Problem statement :: Reproduce the listing in full, pictures excluded.

Data section ::
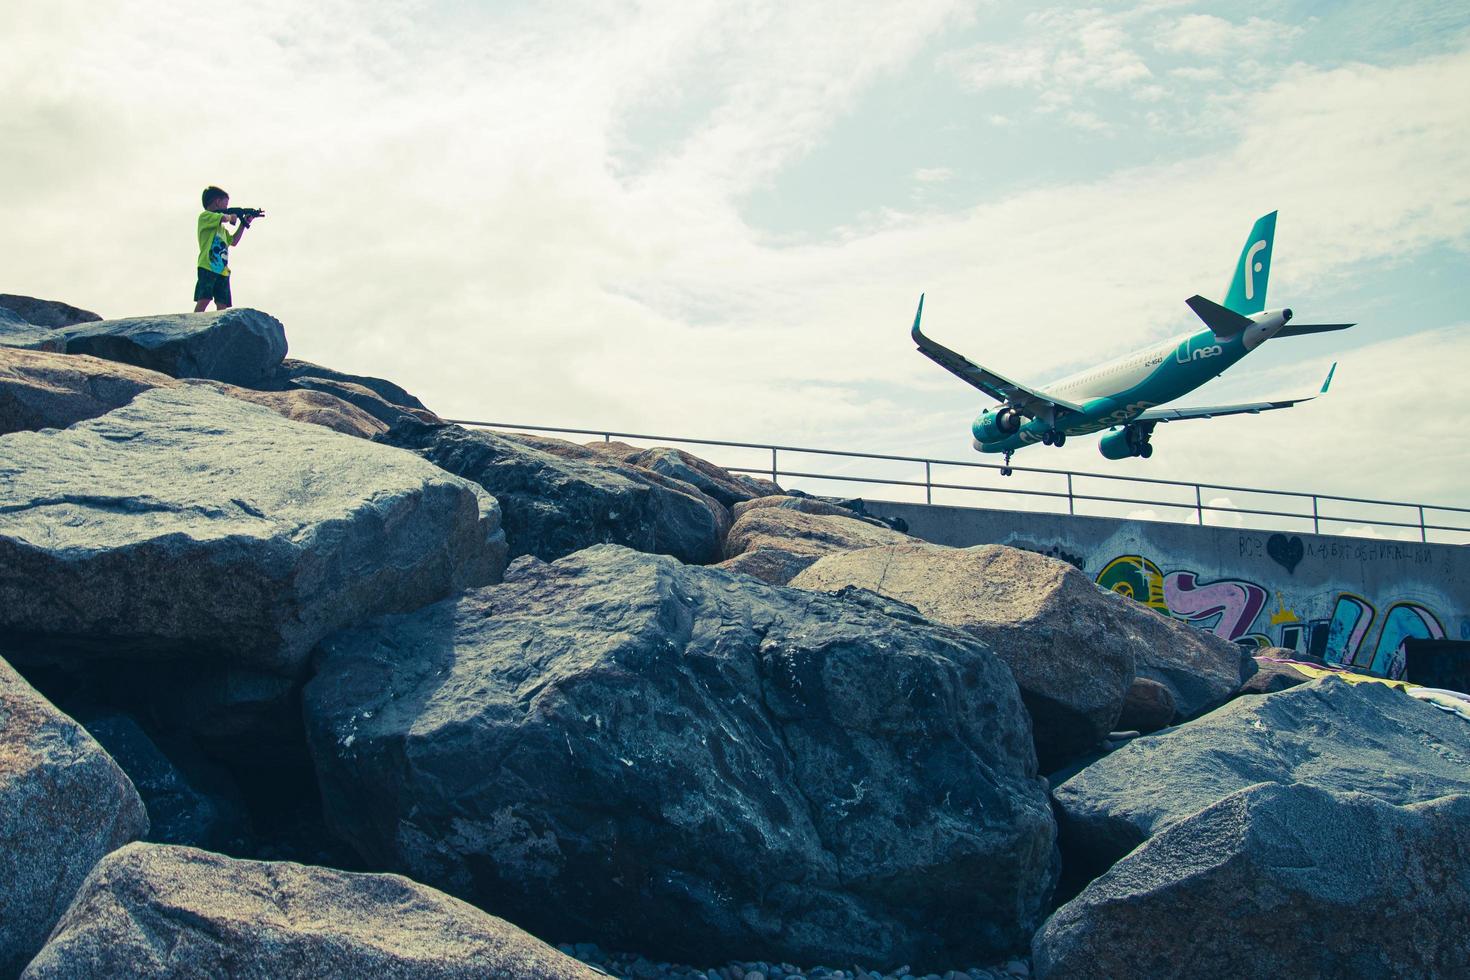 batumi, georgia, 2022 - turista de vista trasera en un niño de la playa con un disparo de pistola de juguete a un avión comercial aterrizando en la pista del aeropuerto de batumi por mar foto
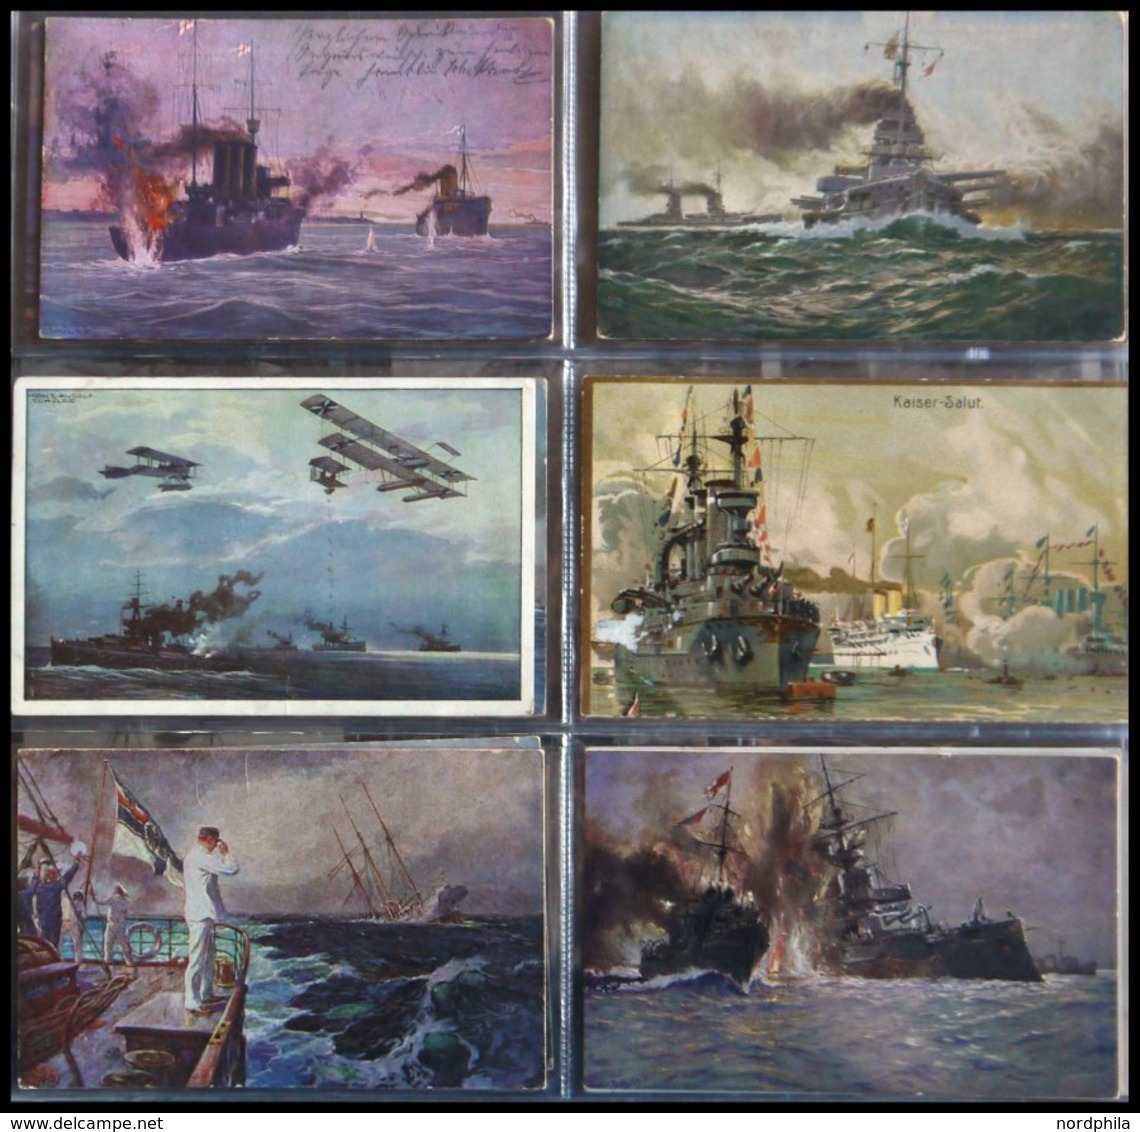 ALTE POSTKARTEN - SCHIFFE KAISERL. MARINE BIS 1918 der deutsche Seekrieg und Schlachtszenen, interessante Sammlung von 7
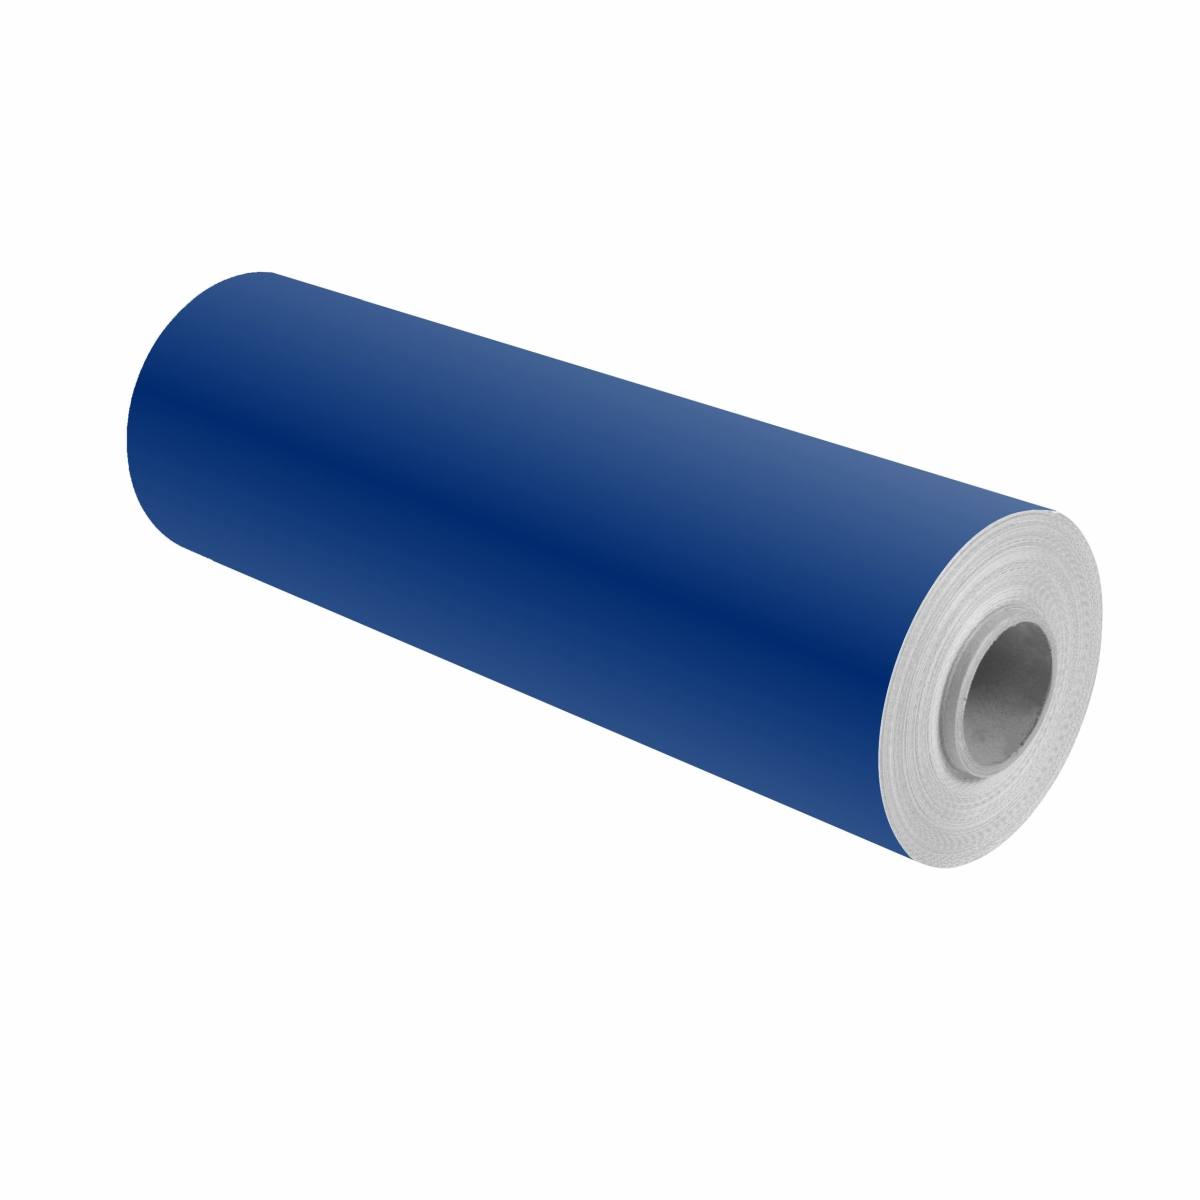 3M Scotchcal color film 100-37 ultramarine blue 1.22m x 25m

Exercise solution ::
 batumi, georgia, 2022 - turista de vista trasera en un niño de la playa con un disparo de pistola de juguete a un avión comercial aterrizando en la pista del aeropuerto de batumi por mar foto
 ALTE POSTKARTEN - SCHIFFE KAISERL. MARINE BIS 1918 der deutsche Seekrieg und Schlachtszenen, interessante Sammlung von 7
 3M Scotchcal color film 100-37 ultramarine blue 1.22m x 25m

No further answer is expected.